Only in the print below from 1818 can one glimpse something of what the place was supposed to be. Frederick Hervey, the 4th Earl of Bristol, also the Lord Bishop of Derry (perhaps four hours away by horse), had commissioned the building in the early 1770s. Fire damaged the bulk of the place in 1851. What was left of it after the Second World War was dismantled by 1950.

Downhill House in 1818
Downhill House in 1818. This file is from the Mechanical Curator collection, a set of over 1 million images scanned from out-of-copyright books and released to Flickr Commons by the British Library.

Mussenden Temple

What is worth visiting is the Mussenden Temple, a folly of some aching sadness in a place of great beauty, perched on the very cliff edge as if beamed there by some laser on a line due north of the main house.

1/6 Mussenden Temple
Mussenden Temple

Modelled on a Roman temple, the Mussenden Temple was built by the Earl-Bishop in memory of his cousin, Mrs Frisewide Mussenden whose beauty he apparently admired. The Bishop used this building as his library, heating it with a fire in the basement below in order to keep his books dry in the shelves lining the circular walls above.

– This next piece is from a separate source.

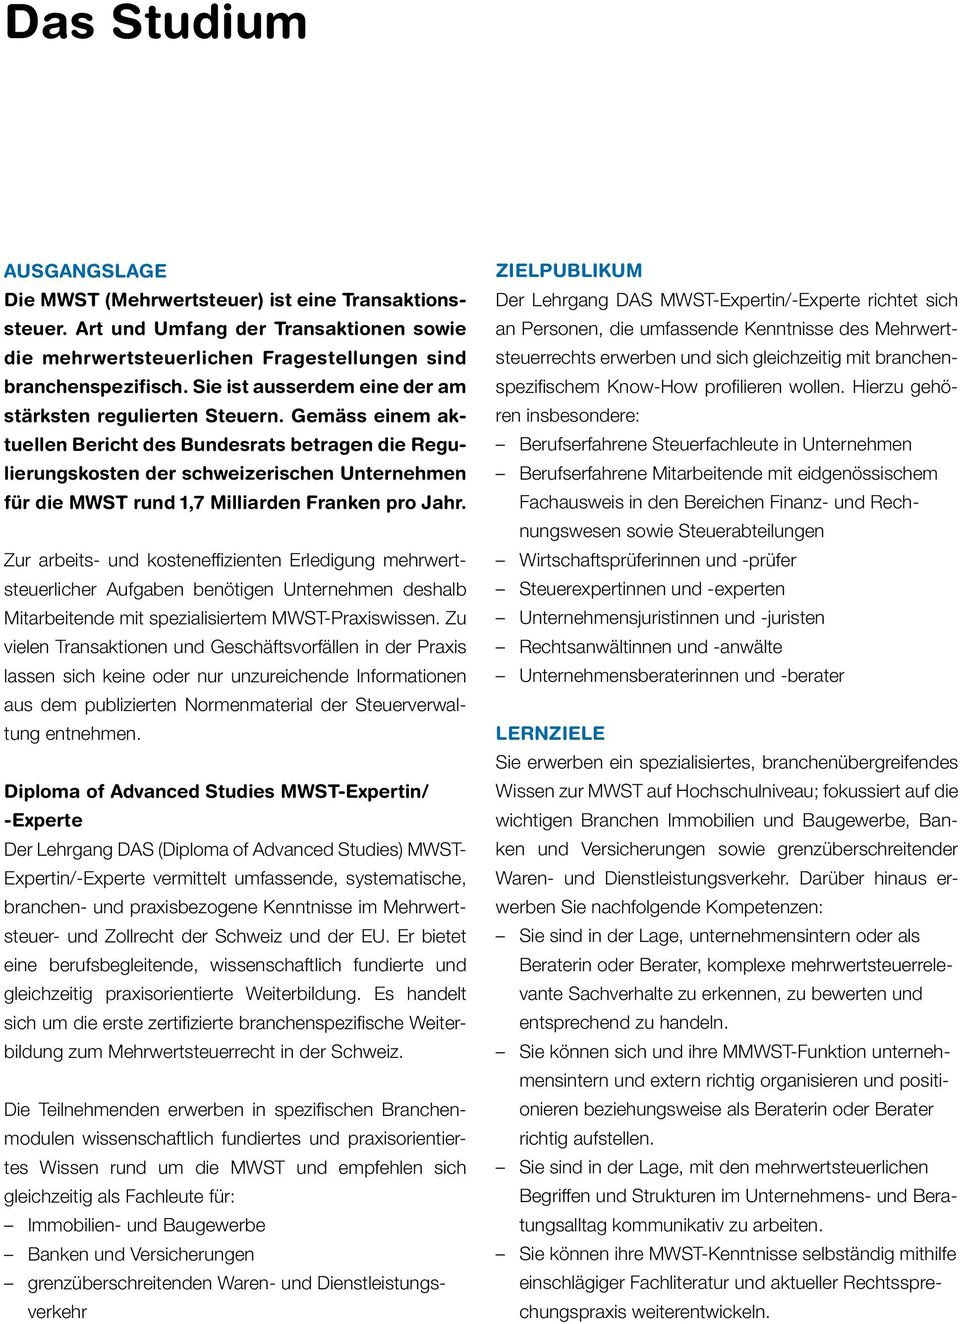 Gemäss einem aktuellen Bericht des Bundesrats betragen die Regulierungskosten der schweizerischen Unternehmen für die MWST rund 1,7 Milliarden Franken pro Jahr.

At the time, it is said that one could drive a carriage round the building. Today the cliff edge, after years of erosion, is walled off from access because it is right up against the building’s seaward foundations. The National Trust, who currently maintain the property, have carried out major stabilisation work to prevent the basalt of the 60 metre cliff falling away further. For the moment, it is safe for visitors and is used - perhaps no surprise - as a wedding venue.

Mussenden Temple's brickwork internally
Mussenden Temple’s brickwork internally

History doesn’t tell us much about the Earl-Bishop, although the Wikipedia page on him contains a small gem: the Earl-Bishop’s colourful if not eccentric personality prompted no less an authority than Voltaire to write “when God created the human race, he made men, women and Herveys”.

The beach below, seen from inside Mussenden Temple above
The beach below, seen from inside Mussenden Temple above

In spite of this cliff erosion there is now a railway line running 60 metres under the Temple in a tunnel, which was blasted and cut in the 1850s.

2/6 Looking west from inside Mussenden Temple, straight down onto the railway line to Derry-Londonderry
Looking west from inside Mussenden Temple, straight down onto the railway line to Derry-Londonderry
3/6 Mussenden Temple looking west
Mussenden Temple looking west. In the larger version of this photograph you can just make out a train on the railway line below.
4/6 Mussenden Temple looking east
Mussenden Temple looking east

Cliff-top views

Perched up on this cliff with the Temple at one’s back, the cliff-top views are exhilarating. The presence of Downhill House and this eccentric, very out-of-place ‘Temple’ neither add to nor take away from the views west and east of Ireland’s sweeping northern coastline. These views are the reason to visit this place. The Temple is an added bonus of a curiosity.

5/6 The north coast looking west from Mussenden Temple
The north coast looking west from Mussenden Temple with Magilligan Point just visible before the headland of the Republic of Ireland’s Greencastle Cove and Shrove. Note the railway line which emerges from the tunnel under the Temple.
6/6 The north coast looking east from Mussenden Temple
The north coast looking east from Mussenden Temple with Portrush clearly visible before the faint smudge of Rathlin Island. Note the second railway tunnel. After the eastwards train has emerged from the tunnel under the Temple, it briefly enjoys open air before pushing into another tunnel, above which is a stabilising net.